= International Association for the Promotion of Christian Higher Education =

Christian educational organization

The International Association for the Promotion of Christian Higher Education (IAPCHE) is an international organization of individuals and institutions, seeking to serve Jesus as Lord by fostering worldwide the development of integral Christian higher education through networking and related academic activity. It was founded in 1975. The Association headquarters is in Grand Rapids, Michigan.

==IAPCHE's Regions==
As of 2000, the worldwide organization consisted of five regional bodies: one each for Africa, Asia/Oceania, Europe, Latin America, and North America:

Africa: Centre for the Promotion of Christian Higher Education in Africa Centre for the Promotion of Christian Higher Education in Africa is the African regional expression of IAPCHE. The regional director is Rev. Isaac Mutua.

Asia/Oceania: Dr. J. Dinakarlal is the regional director and editor of Asia/Oceania Contact.

Europe: The first worldwide conference in Europe was held in 1984 in Breukelen, the Netherlands.

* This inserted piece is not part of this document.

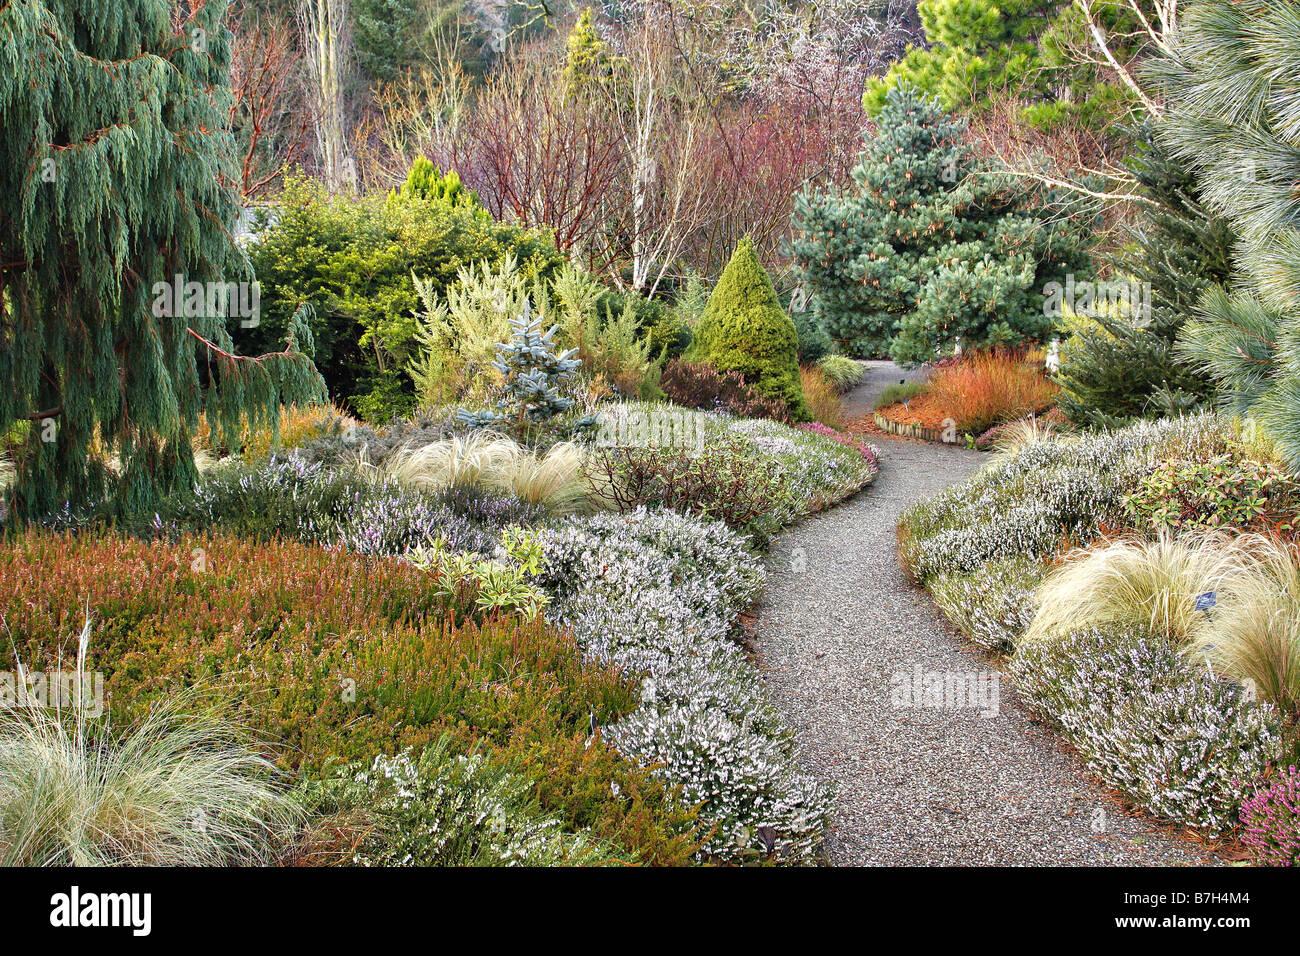 winding garden path stock photos u0026 winding garden path stock

Latin America: Asociación Internacional para la Promoción de Educación Superior Cristiana (AIPESC) ALC Noticias is the regional expression of IAPCHE in Latin America.

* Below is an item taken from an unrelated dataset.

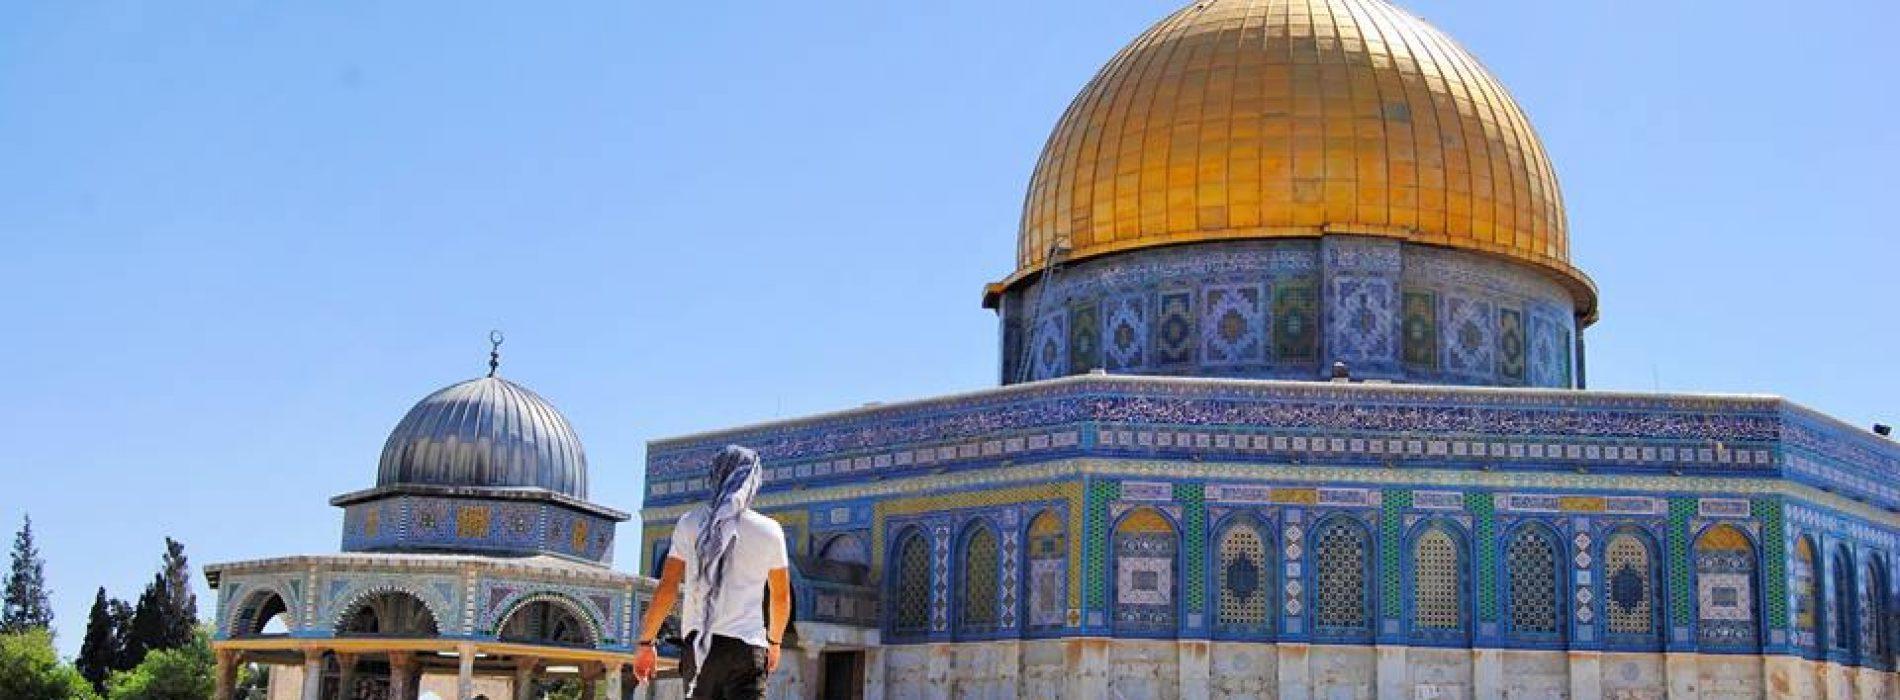 Filistin'i bisiklet ile gezmek

North America: International office located on the Calvin University campus (USA).

==IAPCHE's Services==
Informing
IAPCHE prints a quarterly newsletter, Contact, which contains current information about Christian higher education around the world. Online issues can be found at Contact Newsletter.

The first-ever global survey of the expansion of Christian higher education is in progress.

Connecting
Research partners can connect with each other through the online interactive membership directory (Member Directory). IAPCHE organizes regional and international conferences.

Equipping
Younger professors can participate in week-long Faculty Enrichment Programs that connect faith and learning, improve teaching, and provide strategies for student outreach.
IAPCHE works with the Faith and Learning Network, an exclusive bibliography of faith and learning resources. Faith & Learning Network, Institute for Christian Studies
Proceedings of IAPCHE conferences are available from the IAPCHE office.